Find us on Facebook!

To keep updated like our page at:

Or on Twitter:
@MusipediaOMetal

Or E-mail us at:
musipediaofmetal@gmail.com

Friday, 19 June 2026

Review: Liminal Sky – All Tomorrows Darkness By Rick Eaglestone

Liminal Sky – All Tomorrows Darkness (Karisma Records) [Rick Eaglestone]



Some albums arrive with the weight of lived experience so palpable you feel it before the first note has fully sounded. All Tomorrow’s Darkness, the debut record from Liminal Sky, is one of those albums. It does not ask for your attention so much as quietly command it, drawing you into a sound that is vast, still, and saturated with the kind of grief that does not resolve — only changes shape over time.
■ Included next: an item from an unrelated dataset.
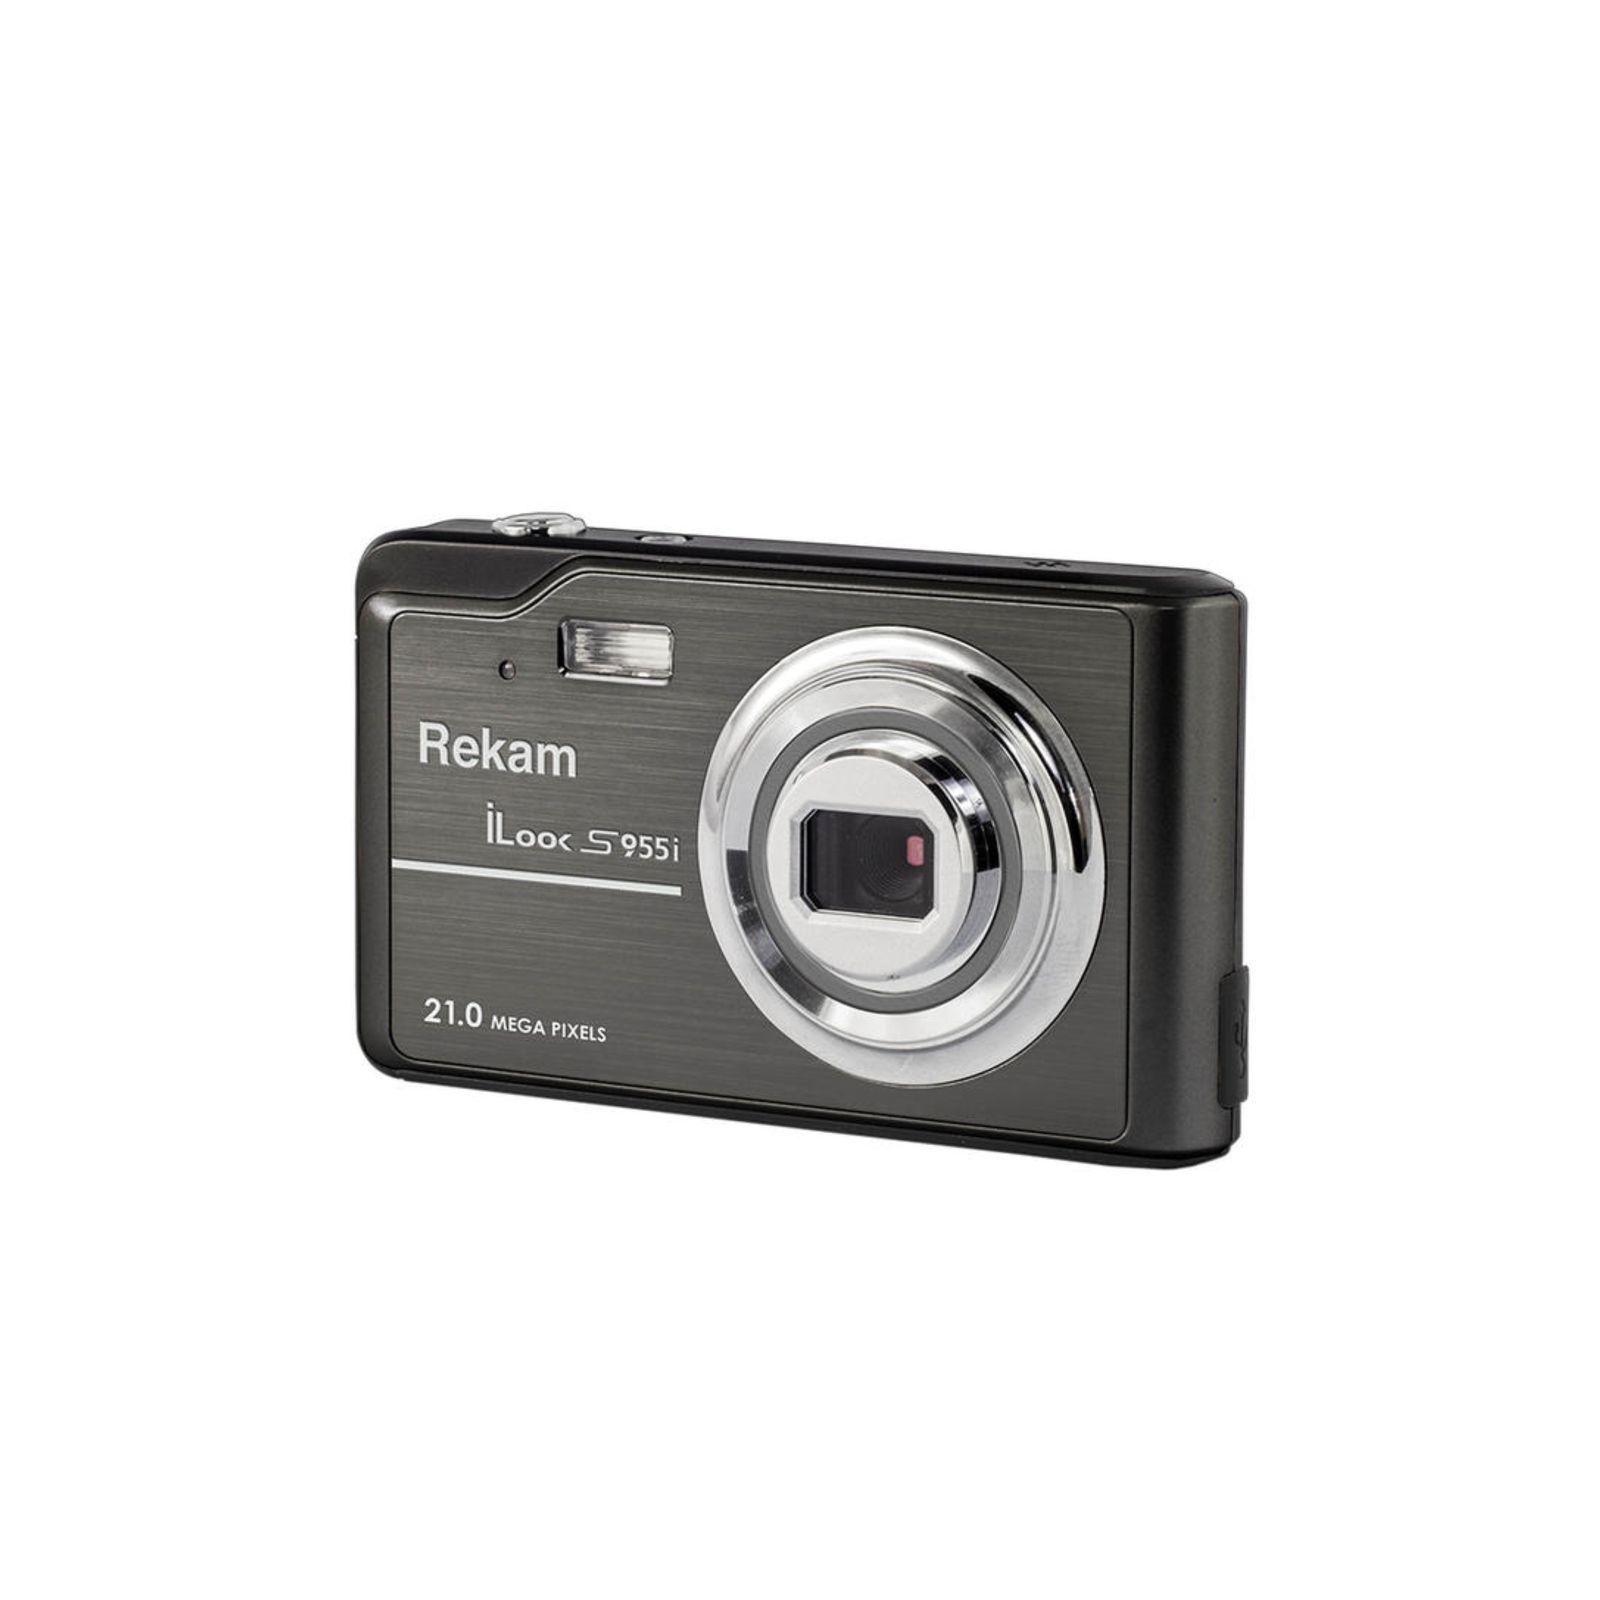 Цифровой фотоаппарат Rekam S955 c функцией видеосъемки

The darkness named in the title is not metaphorical. It is the specific, inescapable darkness of losing someone suddenly, or gradually, or both at once.

The album opens with Some Other Time, the first single, a song written in the shadow of two kinds of loss running simultaneously, one sudden, one slow. McNerney’s vocal performance sets the tone immediately: this is not the tortured expressionism of extreme music, nor the confessional rawness of singer-songwriter territory. It occupies a more unsettled, indeterminate space, grief rendered as atmosphere rather than statement.

A Solitary Future introduces Kristoffer Rygg to proceedings, and the fit is intuitive. There is something in the Ulver vocalist’s delivery that has always suggested enormous distance — the sense of someone observing suffering from within it, simultaneously inside the emotion and removed from it. That quality serves the track’s exploration of mental solitude and the inability to outrun one’s own mind with quiet devastating effect.

In Some Secret Universe marks the album deepening into its own atmosphere. The arrangement here is more expansive, guitars building through patient repetition toward a climax that earns its emotional release precisely because it has been held back long enough. 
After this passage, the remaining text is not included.